Abstract:
A rotor of an electric machine includes a rotor lamination stack connected to a rotor shaft for conjoint rotation therewith. The rotor lamination stack extends from a first axial face of the rotor lamination stack to a second axial face when viewed in the direction of an axis of rotation of the rotor lamination stack. The rotor lamination stack has bores distributed around the axis of rotation and extending from the first axial face to the second axial face. A tie rod which protrudes from the axial faces when viewed in the direction of the axis of rotation is inserted into each bore. Fastening elements are attached to the tied rods at both axial faces so that the rotor laminations of the rotor lamination stack are pressed together. A fan is attached to the tie rods on the first axial face of the rotor lamination stack.

Description:
CROSS-REFERENCES TO RELATED APPLICATIONS 
     This application is the U.S. National Stage of International Application No. PCT/EP2013/067318, filed Aug. 20, 2013, which designated the U.S. and has been published as International Publication No. WO 2014/033015 and which claims the priority of German Patent Application, Serial. No.10 2012 215 236.9, filed Aug. 28, 2012, pursuant to 35 U.S.C. 119(a)-(d). 
     BACKGROUND OF THE INVENTION 
     The present invention relates to a rotor of an electrical machine,
         wherein the rotor has a rotor laminated core connected to a rotor shaft of the rotor in a rotationally-fixed manner,   wherein the rotor laminated core extends from a first axial end face of the rotor laminated core to a second axial end face of the rotor laminated core when viewed in the direction of an axis of rotation of the rotor laminated core,   wherein the rotor laminated core has recesses that are distributed around the axis of rotation and extend from the first axial end face to the second axial end face when viewed in the direction of the axis of rotation,   wherein a tie rod, which projects beyond the axial end faces when viewed in the direction of the axis of rotation, is introduced into each of the recesses,   wherein fastening elements are positioned on the tie rods on both axial end faces.       

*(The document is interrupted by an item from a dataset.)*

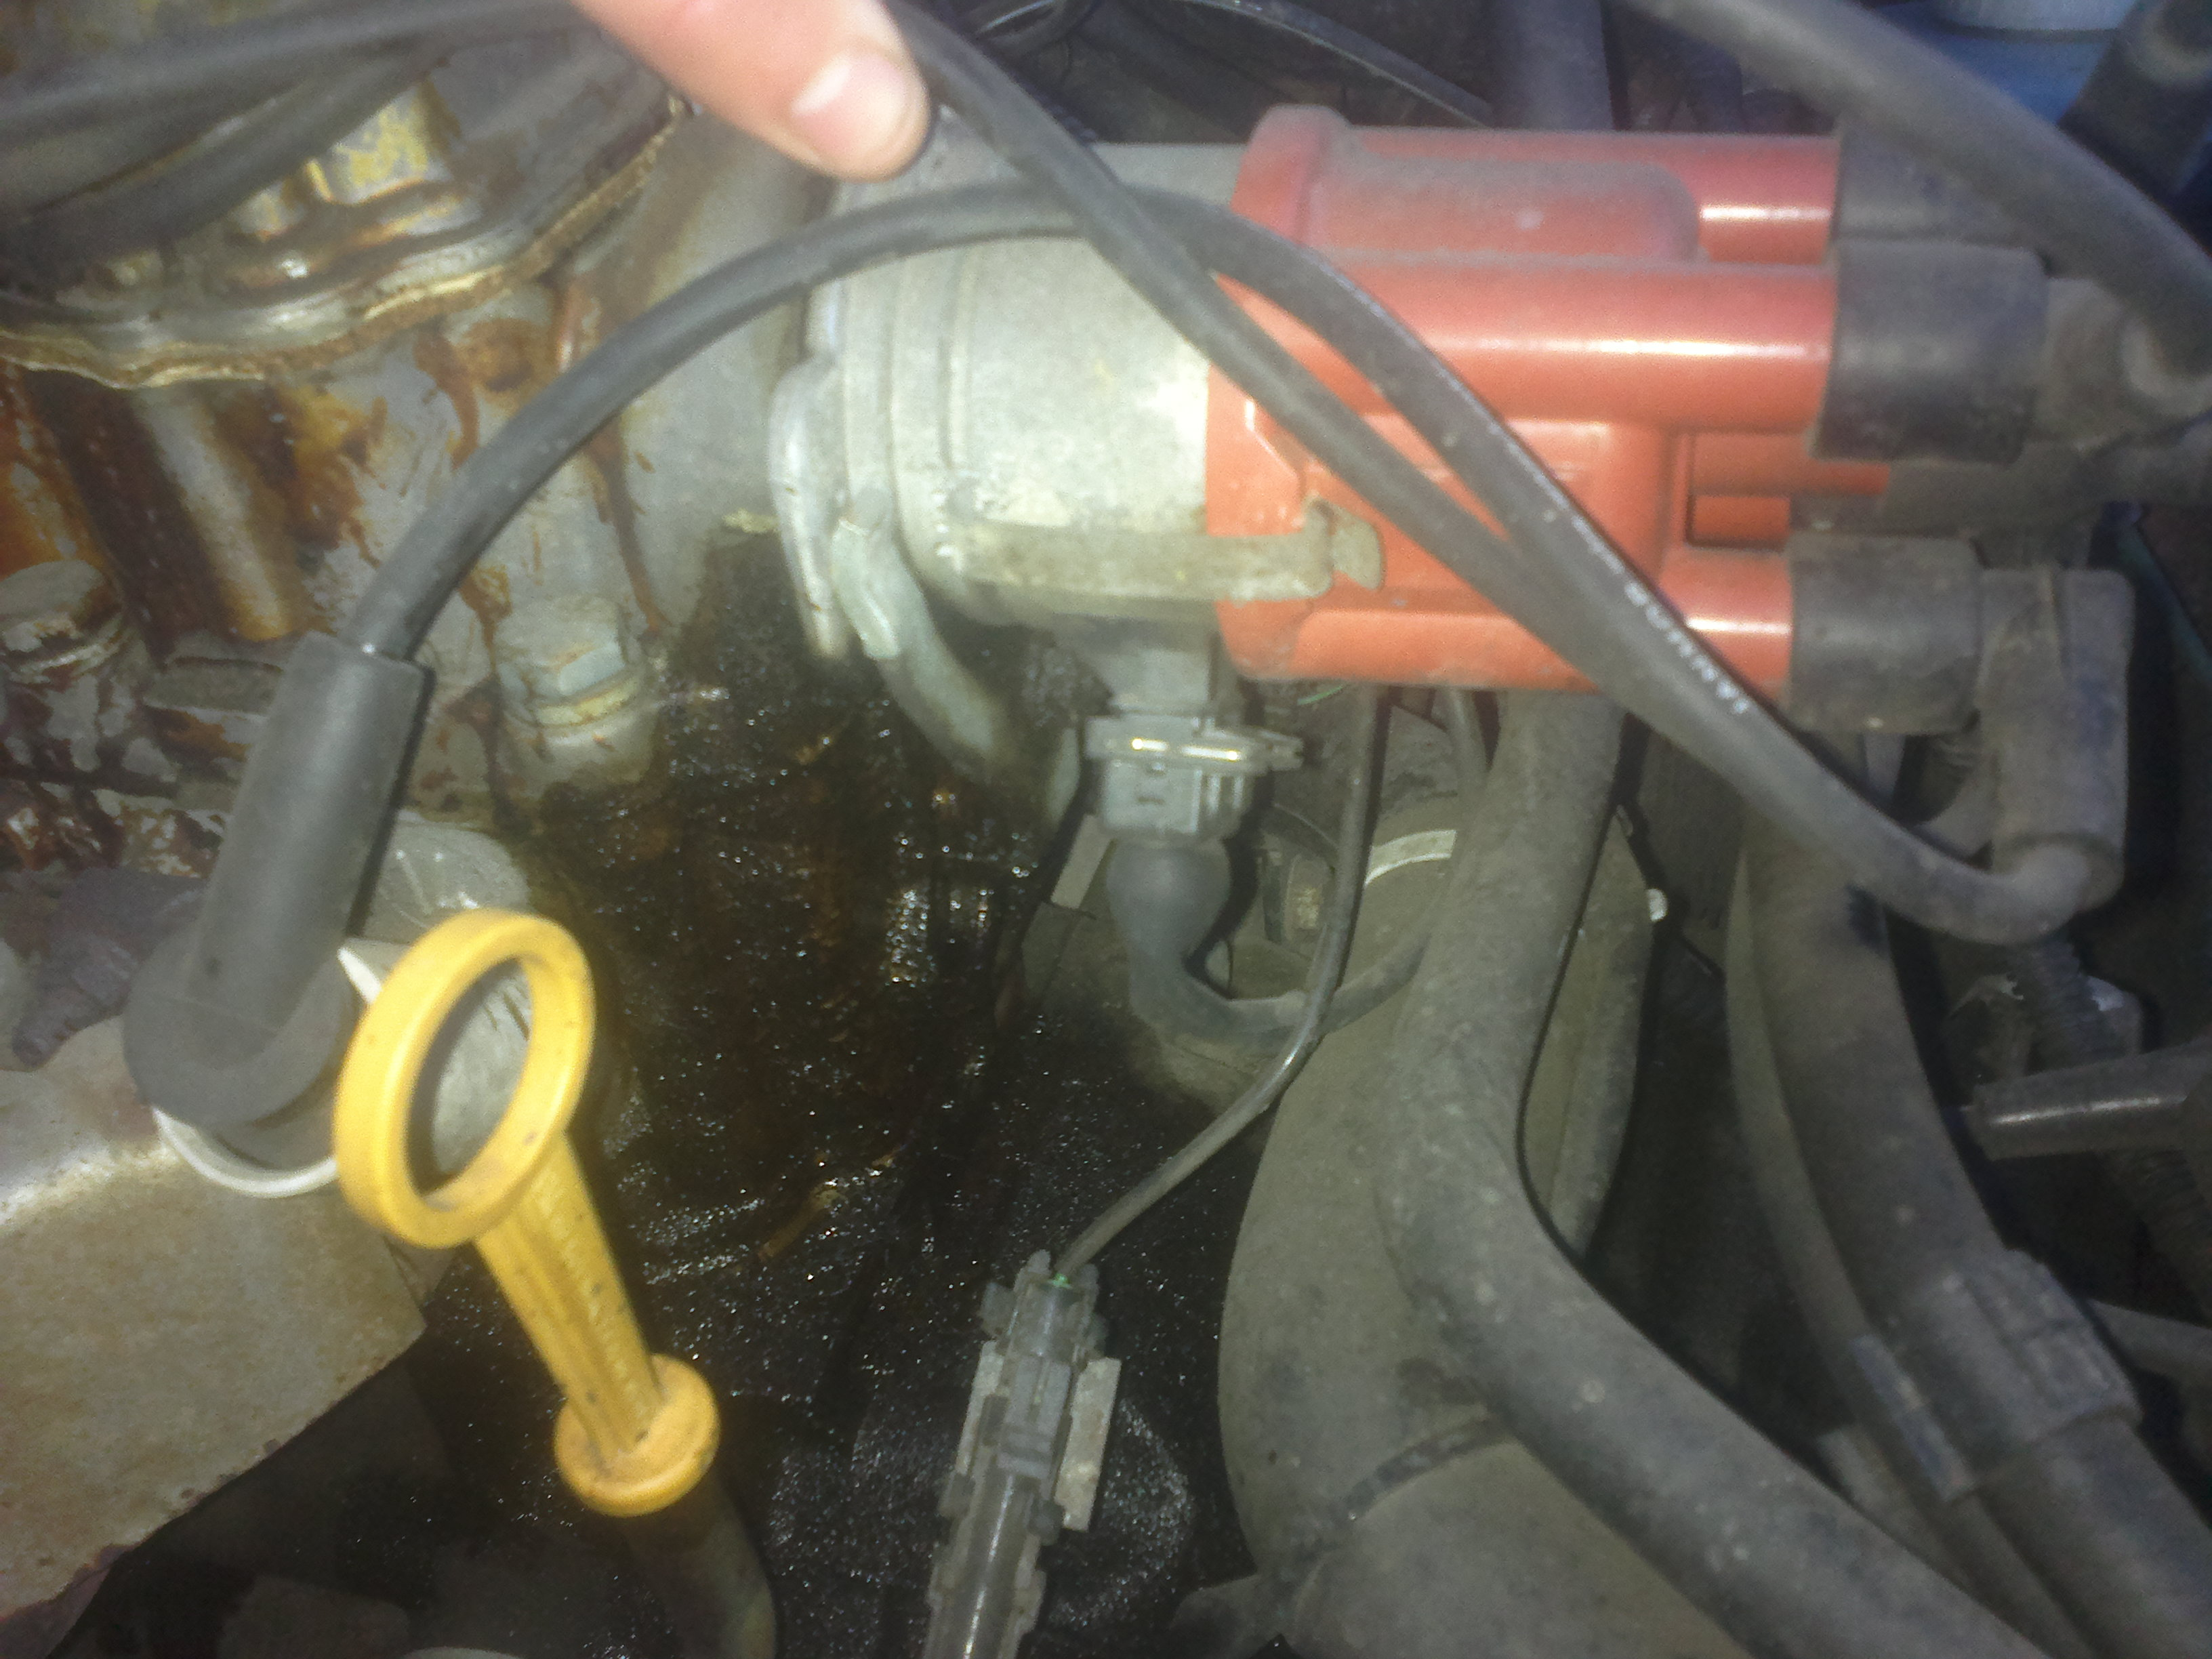 Opel corsa b - Wyciek pod aparatem zap�onowym

     The present invention furthermore relates to an electric machine
         wherein the electric machine has a stator and a rotor,   wherein the rotor is mounted in bearings so that it can be rotated about an axis of rotation of the rotor.       

     A rotor of this type and an electric machine of this type are known for example from EP 0 909 004 B1. 
     A rotor of an electric machine, which has a rotor laminated core, is likewise known from US 2011/0 074 242 A1. The rotor laminated core extends from a first axial end face of the rotor laminated core to a second axial end face of the rotor laminated core when viewed in the direction of an axis of rotation of the rotor laminated core. The rotor laminated core has recesses that are distributed around the axis of rotation and extend from the first axial end face to the second axial end face when viewed in the direction of the axis of rotation. A tie rod, which projects beyond the axial end faces when viewed in the direction of the axis of rotation, is introduced into each of the recesses. Fastening elements, by means of which the rotor sheets are pressed against one another, are positioned on the tie rods. 
     A rotor of an electric machine, which has a rotor laminated core, is known from US 2012/0098359 A1. The rotor laminated core extends from a first axial end face of the rotor laminated core to a second axial end face of the rotor laminated core when viewed in the direction of an axis of rotation of the rotor laminated core. The rotor laminated core has recesses that are distributed around the axis of rotation and extend from the first axial end face to the second axial end face when viewed in the direction of the axis of rotation. A rivet, which projects beyond the axial end faces when viewed in the direction of the axis of rotation, is introduced into each of the recesses. Balance elements are positioned on the rivet. 
     In the prior art the rotor laminated core is attached to the rotor shaft. The so-called bundling pressure is applied via rotor pressure rings which are positioned on the two end faces of the rotor laminated core. The bundling pressure is transmitted via the rotor pressure rings to the rotor shaft. The bundling pressure causes a deflection of the rotor pressure rings. The rotor pressure rings must therefore be embodied so as to be accordingly stable in order to avoid an excessive deflection of the rotor pressure rings. Any possible fan is generally arranged directly at the rotor shaft. 
     SUMMARY OF THE INVENTION 
     The object of the present invention consists in providing an electric machine which is simple in design, does not require rotor pressure rings and in which in particular the fan can easily be connected to the rotor. 
     The object is achieved according to the invention by a rotor of an electric machine
         wherein the rotor has a rotor laminated core connected to a rotor shaft of the rotor in a rotationally-fixed manner,   wherein the rotor laminated core extends from a first axial end face of the rotor laminated core to a second axial end face of the rotor laminated core when viewed in the direction of an axis of rotation of the rotor laminated core,   wherein the rotor laminated core has recesses that are distributed around the axis of rotation and extend from the first axial end face to the second axial end face when viewed in the direction of the axis of rotation,   wherein a tie rod, which projects beyond the axial end faces when viewed in the direction of the axis of rotation, is introduced into each of the recesses,   wherein fastening elements are positioned on the tie rods on both axial end faces, so that the rotor sheets of the rotor laminated core are pressed against one another by means of the fastening elements without the arrangement of rotor pressure rings between the end faces of the rotor laminated core and the fastening elements,   wherein a fan is positioned on the tie rods on the first axial end face of the rotor laminated core and   wherein the fastening elements are arranged on the first axial end face of the rotor laminated core between the end face and the fan.       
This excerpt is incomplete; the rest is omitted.